Filmmaker Sally Aitken and producer Aline Jacques have combined their expertise to officially launch SAM Content, an independent production company based in Sydney.
The pair will develop and produce all genres of unscripted and scripted projects for domestic platforms and the international marketplace as part of the new venture, which begins with four projects in various stages of production.
They include an untitled Wiggles project in partnership with Augusto Entertainment’s Cass Avery and Daniel Story and Inconceivable: The Secret Business of Breeding Humans, a documentary for SBS about investigative journalist Sarah Dingle’s discovery at the age of 27 that her mother was impregnated with anonymous donor sperm. There is also an architecture series and a music feature documentary, with additional projects to be announced in the coming months.
The formation of the company continues a decade-long working relationship between Aitken and Jacques, who have previously collaborated on 2011 miniseries Seduction in the City, the 2015 SBS documentary The Great Australian Race Riot, and 2018’s The Pacific: In the Wake of Captain Cook with Sam Neill.
Aitken, whose Sundance-selected documentary Playing With Sharks is up for a News & Documentary Emmy Award, said the changing international media landscape had made the timing right to start SAM Content.
“I just think there’s so much appetite for our content, and with a real focus on the Asia Pacific and our region.
“Also, if you can work through COVID and do things remotely and survive a pandemic, then I basically think you can conquer anything.
“We’re excited about lots of different aspects of how we can be nimble in quite an interesting dynamic space.”
For Jacques, a producer that has developed documentaries across a wide range of genres for the ABC, SBS, BBC, National Geographic, Arte, PBS, Curiosity Stream, and Discovery, the venture is an opportunity to capitalise on her and Aitken’s experience in telling Australian stories for an international audience.
“Sally and I have made films together for a decade,” she said.
“She is one of Australia’s most beautiful storytellers with films that have been in competition in Cannes and Sundance and nominated for two Emmys. She is a brilliant collaborator and incredibly generous with other emerging filmmakers. With her international profile, our sympatico across a number of projects, and her ongoing creative support of younger filmmakers, it seemed an obvious idea – let’s set up a production company.”

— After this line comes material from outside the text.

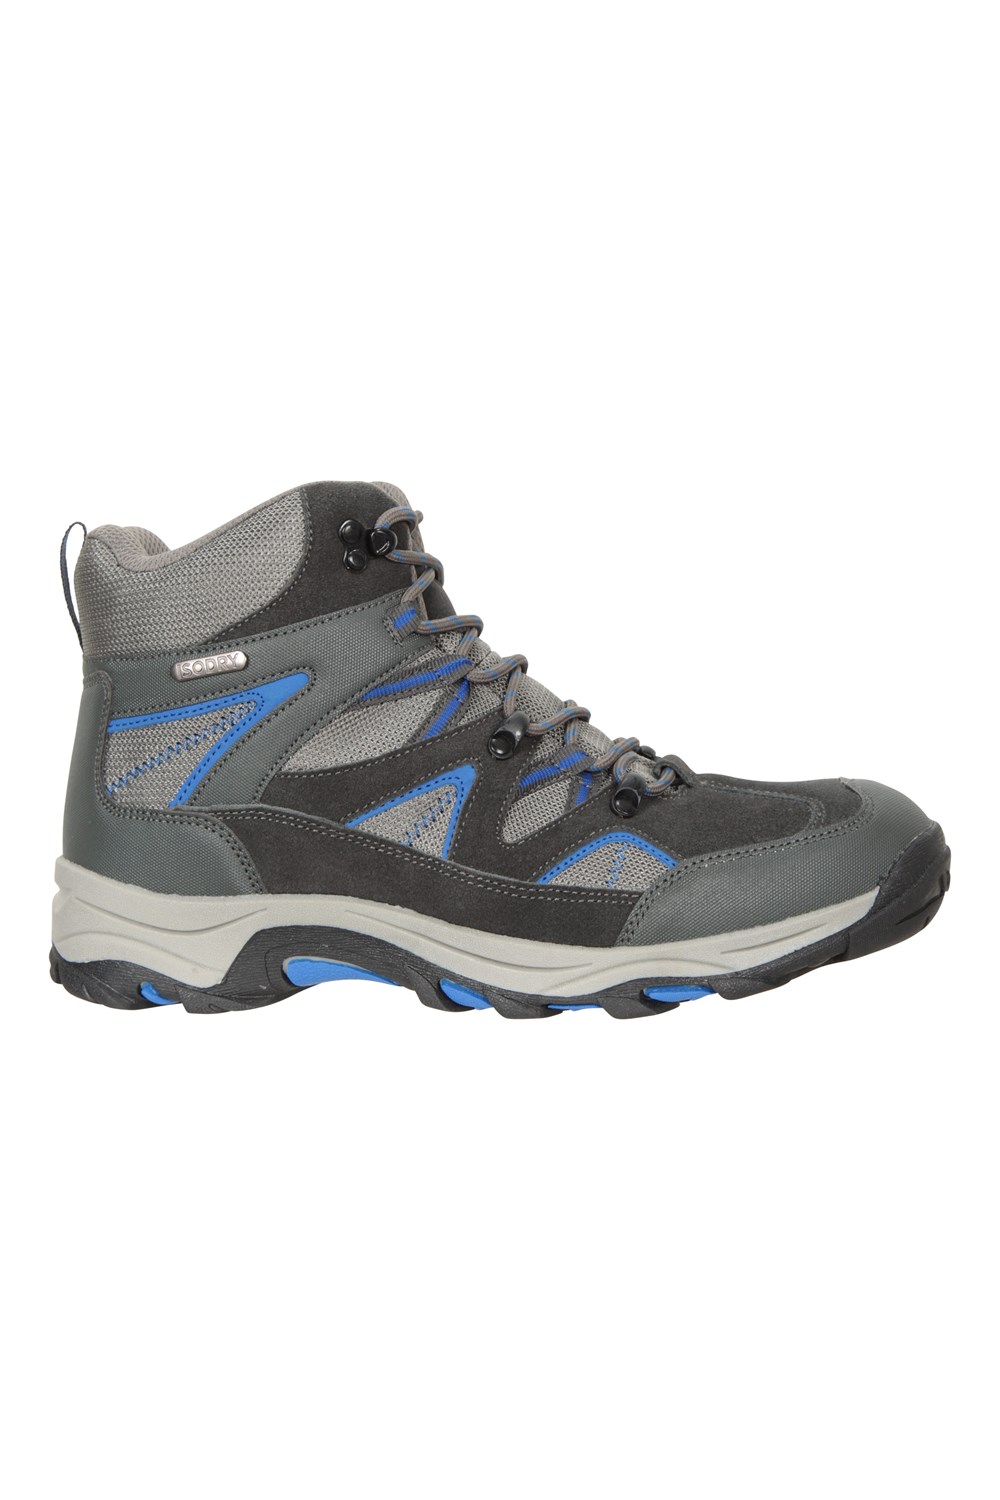 Mountain Warehouse Rapid Men's Waterproof Walking Boots Non Slip Hiking ...
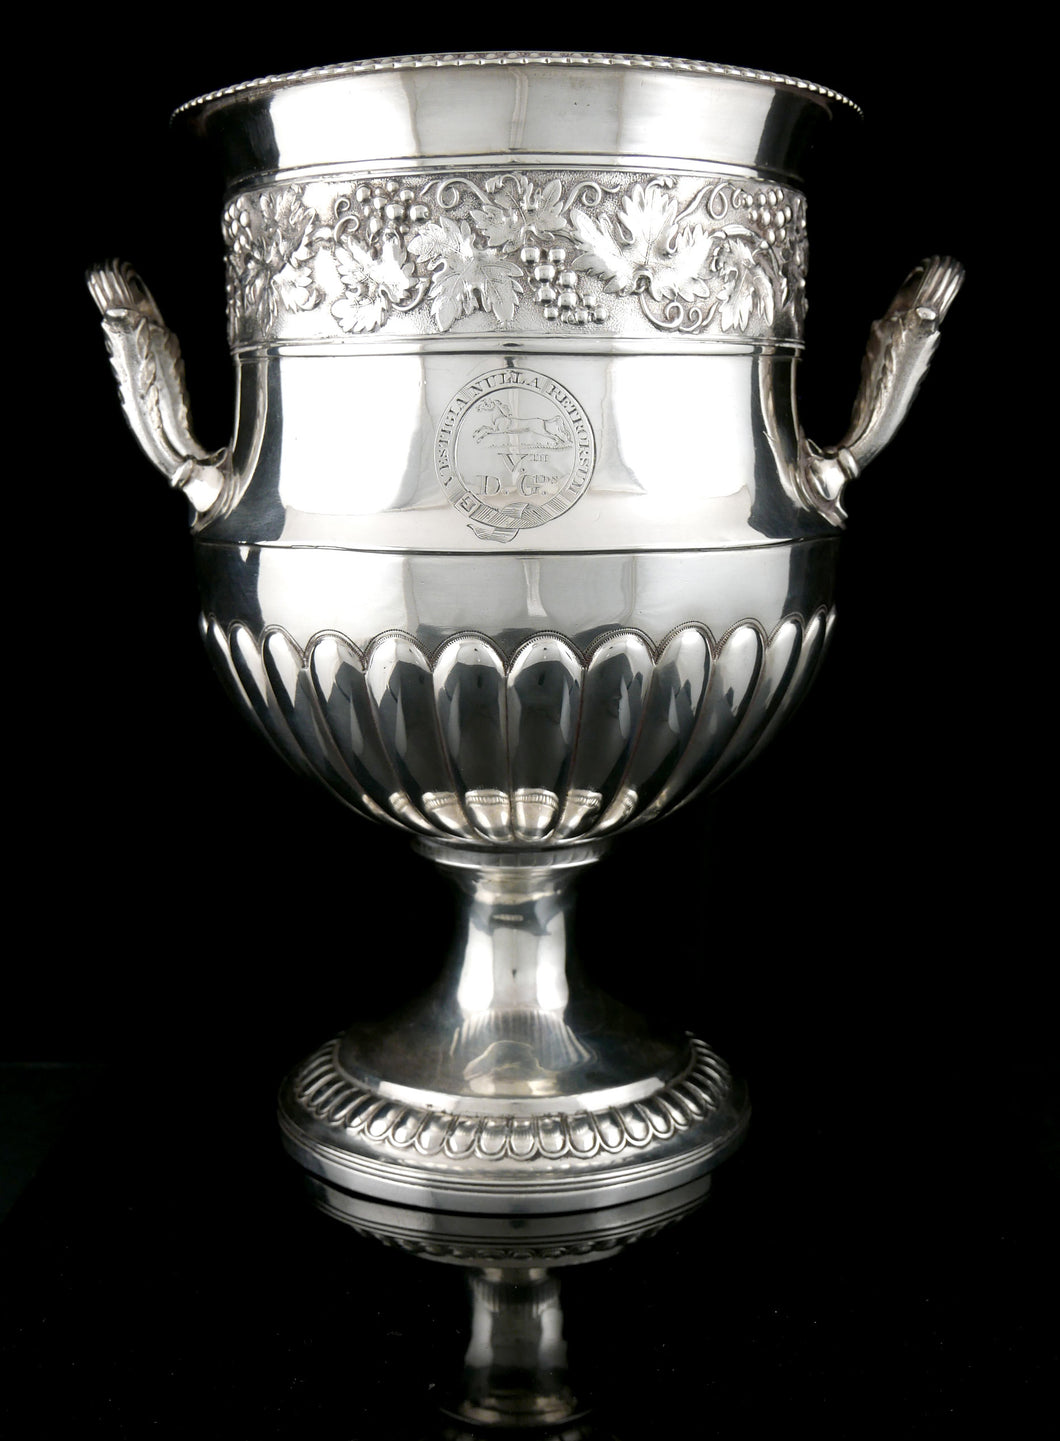 5th (Princess Charlotte of Wales’s) Dragoon Guards Presentation Cup, 1808

Despite an already hefty slate in development, Aitken and Jacques are open to new pitches, with the former encouraging prospective collaborators to get in touch with their ideas.
“I don’t think there are any rules about approaching — just approach,” she said.
“Certainly, we’d be looking for a belief in the idea and obviously a commercial viability to it but all a lot of that comes through dialogue and collaboration as well, and that’s possibly one area where, with our combined skill set, we can help with.”